- South Hertfordshire in Hertfordshire, showing boundaries used from 1974–1983
- County: Hertfordshire

1974–1983
- Seats: One
- Created from: Barnet, Enfield West and St Albans
- Replaced by: Hertsmere, Watford and St Albans

= South Hertfordshire =

UK Parliament constituency (1974–1983)

South Hertfordshire was a constituency in Hertfordshire which returned one Member of Parliament (MP) to the House of Commons of the Parliament of the United Kingdom. It was created for the February 1974 general election and abolished for the 1983 general election when it was mainly replaced by the new Hertsmere constituency.

== Boundaries ==
- Statutory definition
- The Urban District of Potters Bar;
- the Rural District of Elstree;
- in the Rural District of St Albans the parishes of Colney Heath, London Colney, and St Stephen; and
- in the Rural District of Watford the parish of Aldenham.

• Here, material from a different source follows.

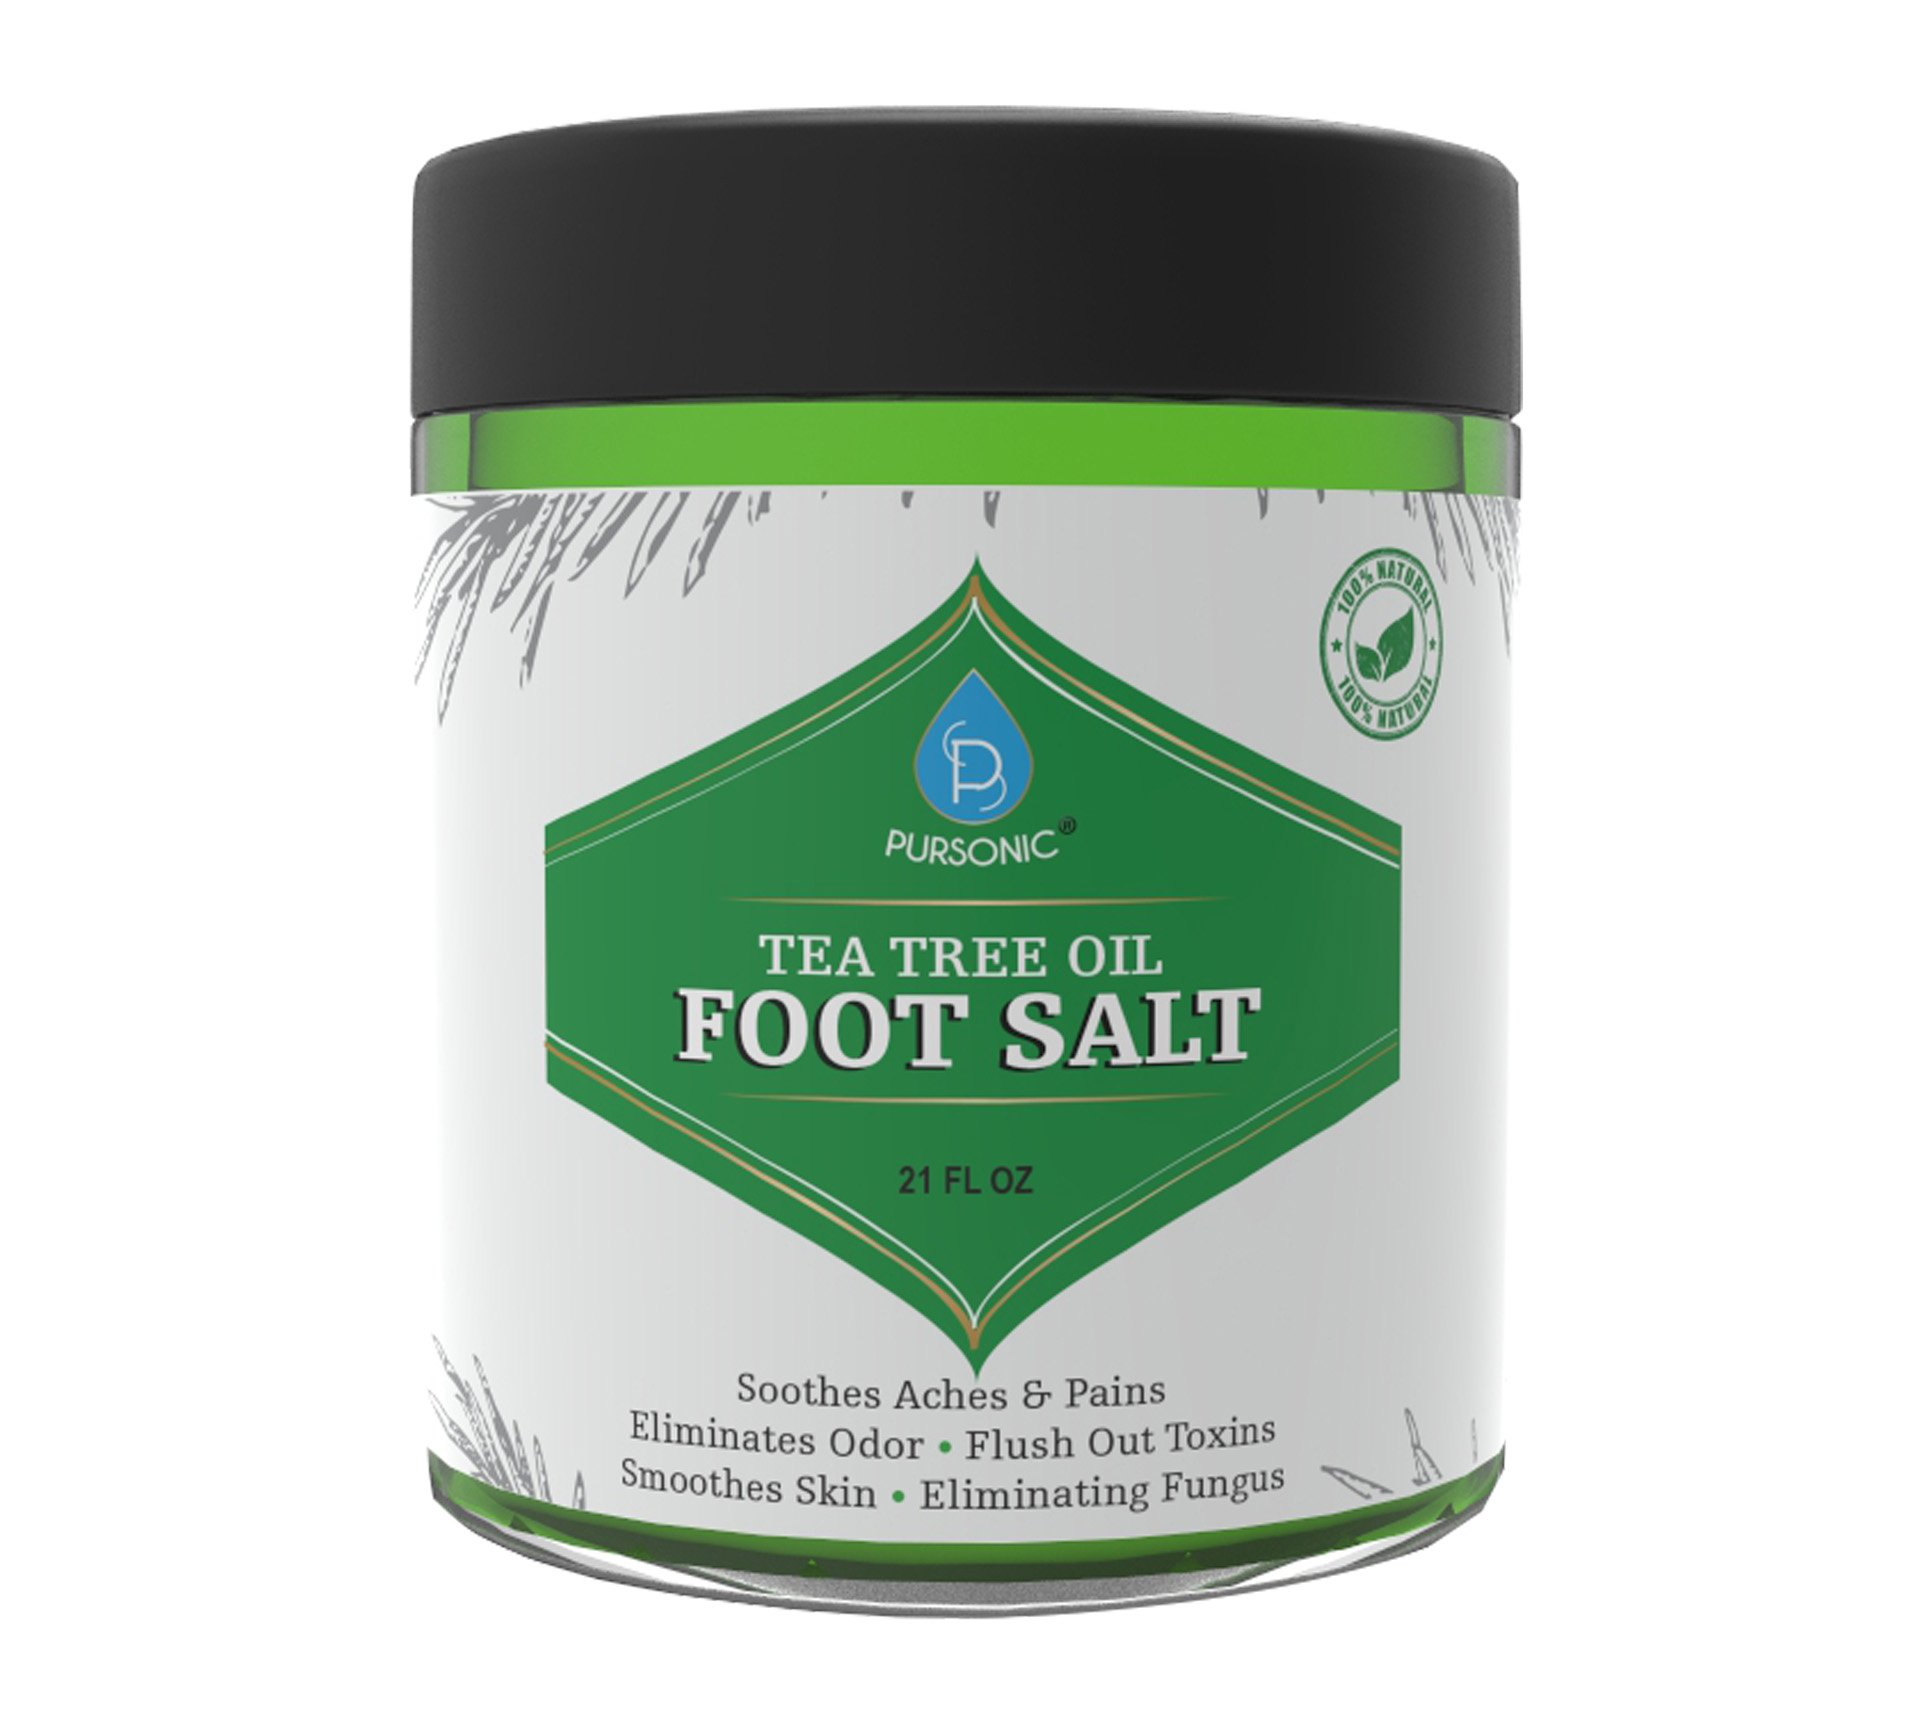 Pursonic Tea Tree Oil Foot Soak With Epsom Salt,Helps Soak Away Toenail Fungus, Athletes Foot & Stubborn Foot Odor - Softens Calluses & Soothes Sore Tired Feet, 21oz by Pursonic

- Components' immediate predecessor seats

- The land of the Urban District of Potters Bar in local government administration-abolished Middlesex has been in Hertfordshire since the creation of Greater London in 1965. It now moved into this new seat from the abolished Enfield West seat.

- The Rural District of Elstree was in the abolished Barnet seat.

- The three St Albans district parishes came from the very long-lived St Albans seat and Aldenham came from South West Hertfordshire.

- Components' immediate successors

- Colney Heath went back to the St Albans seat and St Stephen transferred to the Watford seat.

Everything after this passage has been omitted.